A Weekend With the Comix
For people who love alternative comics and cartoons, this weekend offers the pop rocks of eye candy: MoCCA Art Festival 2007 is on at the Puck Building.
The fair is sponsored by the Museum of Comic and Cartoon Art, a not-for-profit established to help get children interested in
reading, to bring greater visibility to the graphic novel as a literary form, and in general, to show the importance of the art in documenting and interpreting social change. Among the artists on the
board of directors are Art Spiegelman (MAUS), Stan Lee (Spider-Man) and Peter Kuper (Stop Forgetting to Remember).
I asked Peter what made the MoCCA Fair special. In an email from Oxaca City, he replied, "Generally speaking, comic conventions are overwhelmingly devoted to fantasy and superhero genre material. For alternative artists, who are already in a tiny subcategory of the art form, those big conventions can make one feel like being a jazz musician at a Heavy Metal festival. For us, MoCCA is an antidote."
In addition to publishers of comics and graphic novels, including Fantagraphics Books, Pantheon, Giant Robot, Drawn & Quarterly, and Houghton & Mifflin, to name a few, independents of all stripes are on board. Among them are Meathaus, a San Francisco alternative artists' collective, Dumbrella, an artists' blog, PictureBox Books, and the century-old Jewish Publication Society.
I also caught up with Jason Sacher, an editor at Chronicle Books and a member of the Meathaus Collective, who had this to say: "I've been both an exhibitor and an attendee of various independent comics fairs (MOCCA, APE, SPX) over the years and I've watched them grow and transform from very comics-heavy insider events to what seems more like full-blown art festivals.
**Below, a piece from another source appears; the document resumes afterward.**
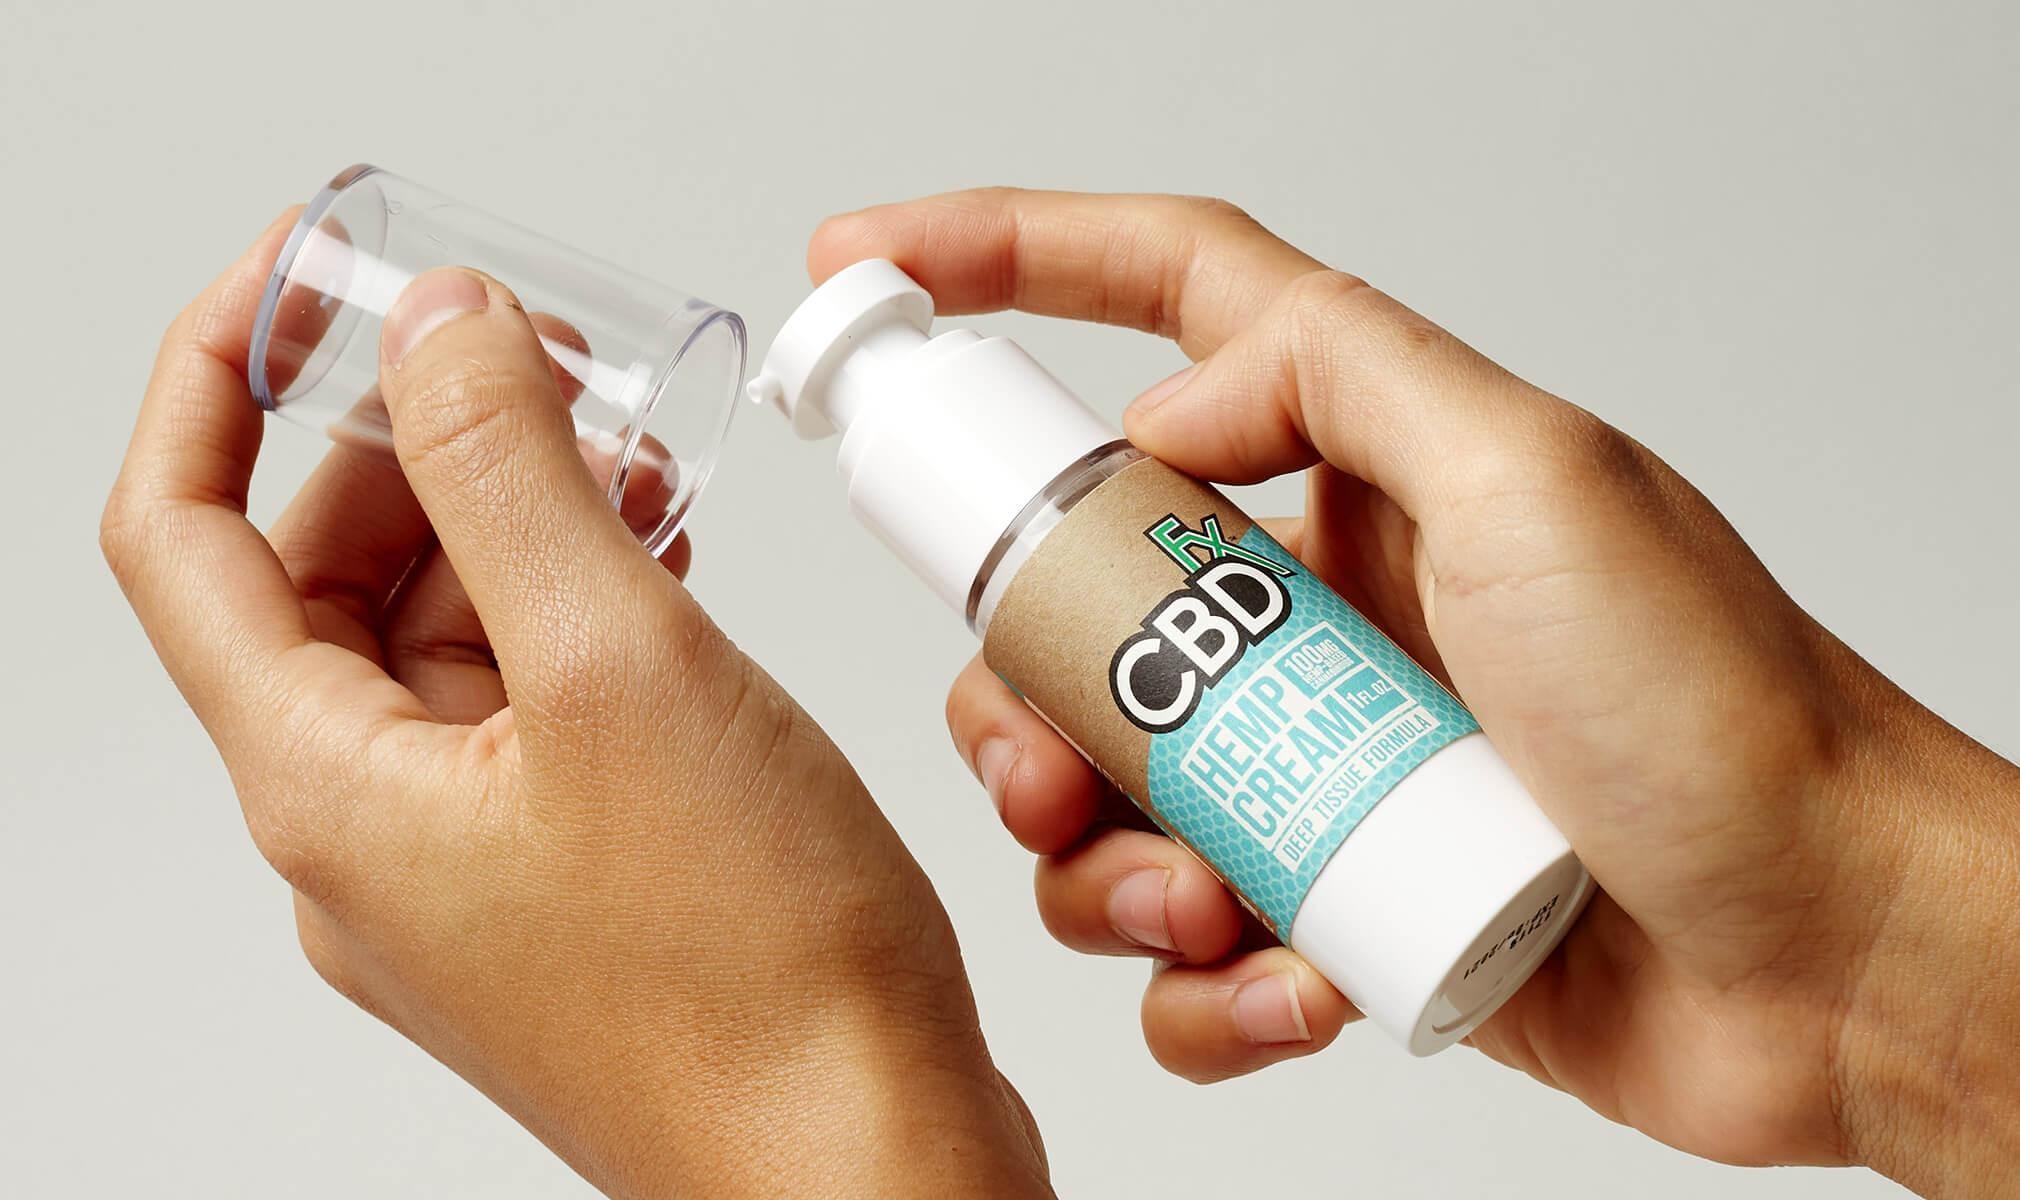 CBD Cream for Eczema: Does it Work?

There's lots of trading and schmoozing, and people with backpacks full of limited editions stuff to sell. So the joy of these events has become the craft-oriented indie print makers and cartoonists who load their tables with unique one-of-a-kind art objects, screen prints, etchings, etc. The real draw is the one-to-one contact with the artists and the ability to pick up something that you can't get at a comics shop or an online gallery."
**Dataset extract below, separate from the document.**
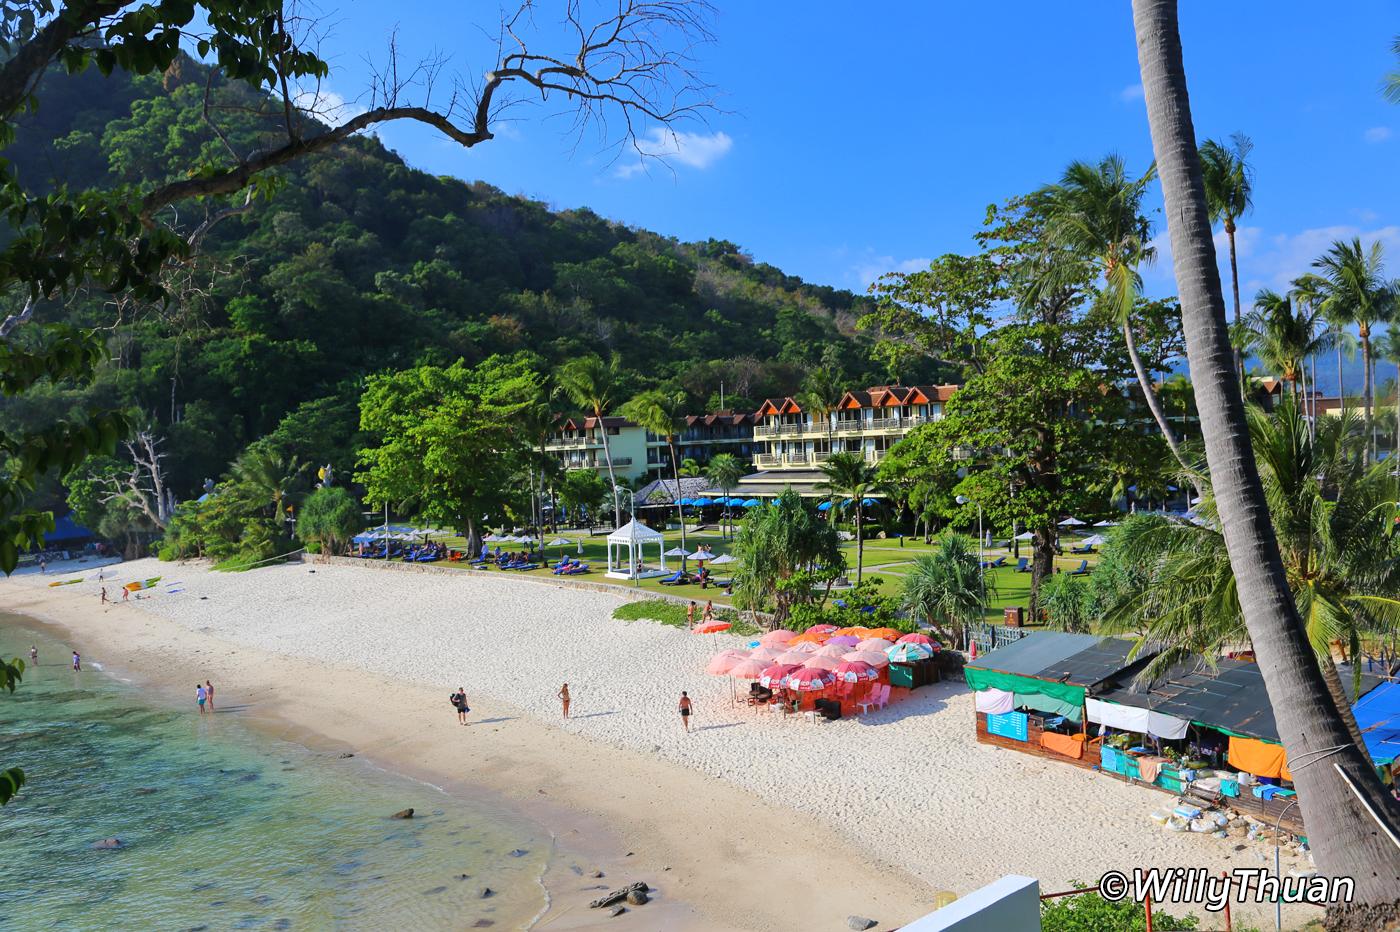 Merlin Beach Phuket – A great snorkeling beach near Patong

And Eric Reynolds of Fantagraphics added, "MoCCA is the only place where you can walk into a room and stand a good chance of physically bumping into just about any great cartoonist of the last 30 years, from Jules Feiffer to Art Spiegelman to Gary Panter to Charles Burns to to Drew Friedman, etc. And that's not counting so many exciting up-and-coming artists whose work is waiting to be discovered. There's really nothing else like it." Picture credits: Top, Girl Stories by Lauren Weinstein; middle: from nEuROTIC by John Cuneo; bottom: Stop Forgetting to Remember by Peter Kuper.
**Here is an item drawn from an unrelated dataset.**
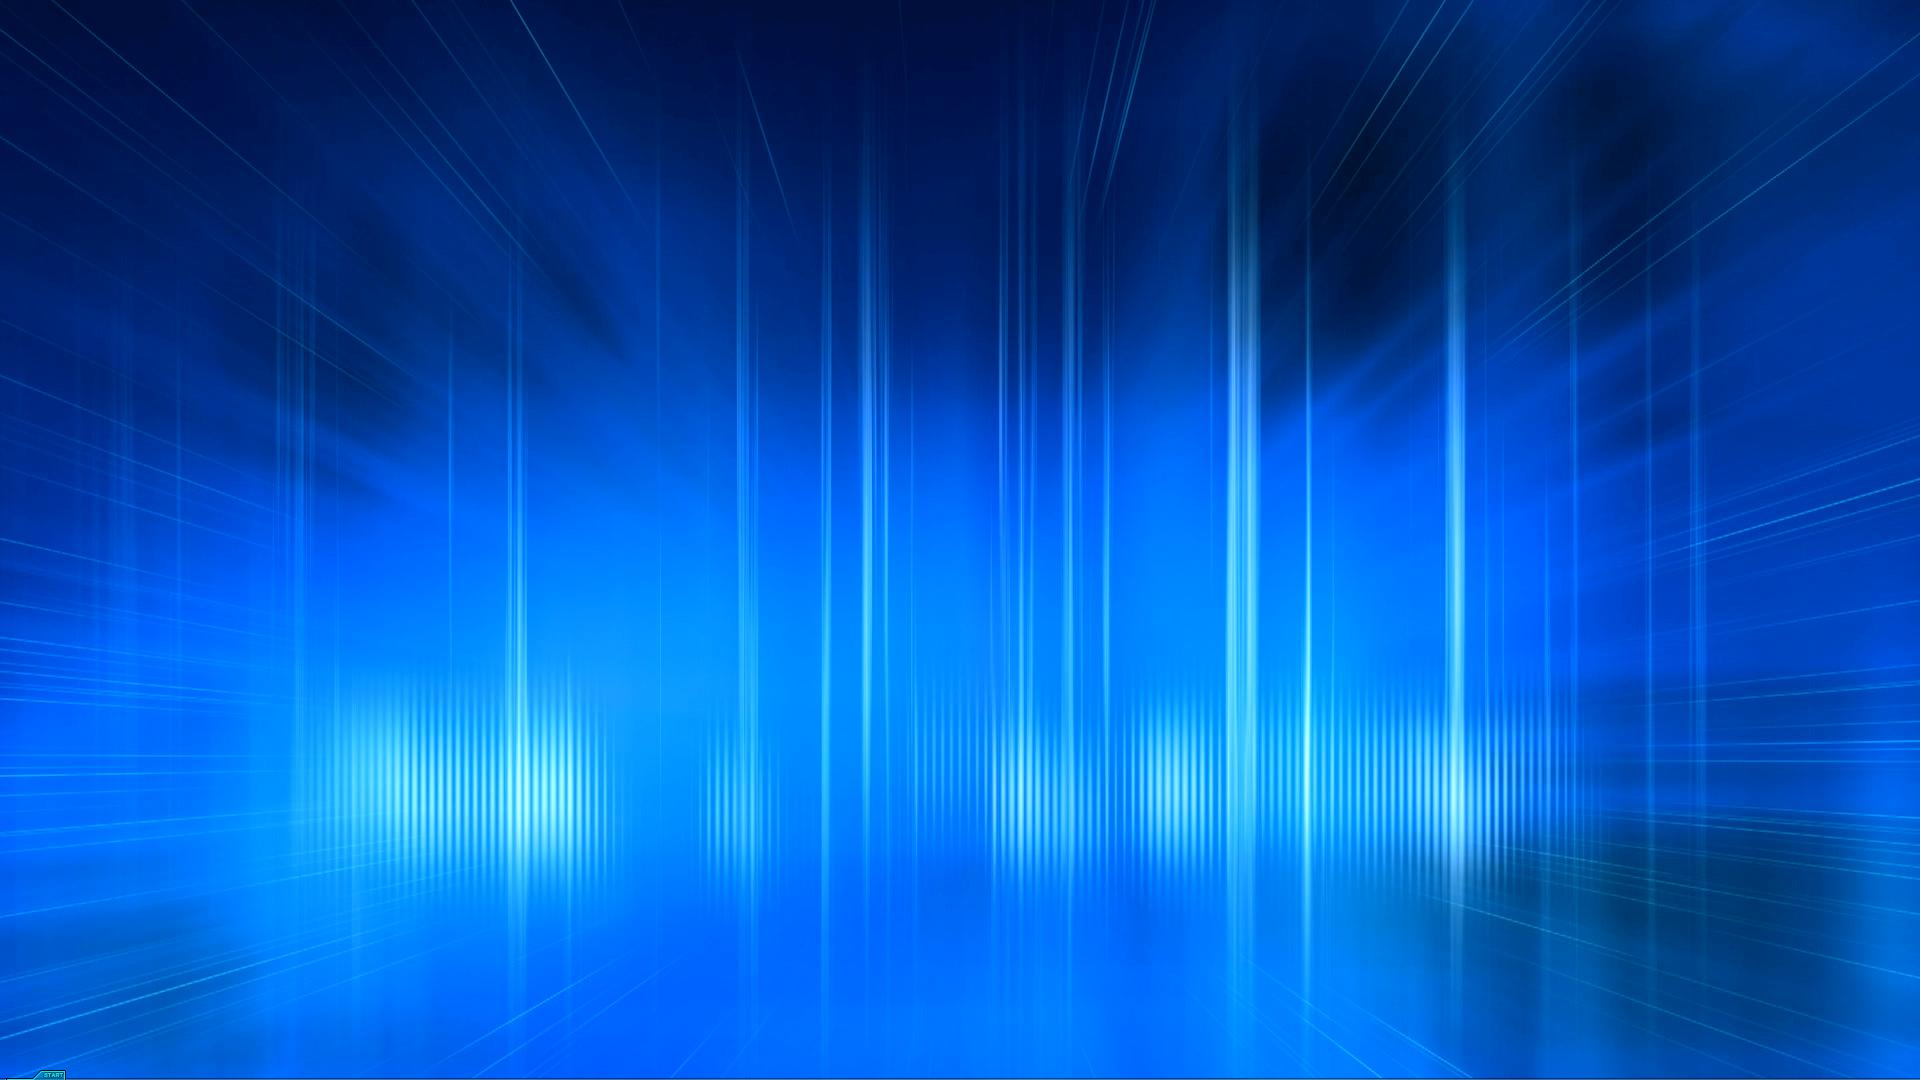 blue tech wallpaper wallpapersafari

On both days, MoCCA presents workshops and talks on an array of subjects from how to apply for grants and fellowships, a roundtable discussion on the state of the arts, and presentations by individual artists, including John Cuneo (nEuROTIC), Kim Deitch (Hollywoodland), and Lauren Weinstein (Girl Stories). The Festival Award, this year going to Alison Bechdel (Fun Home), will be presented on Saturday at 1:30 pm at the MoCCA Gallery. Please check the website for details.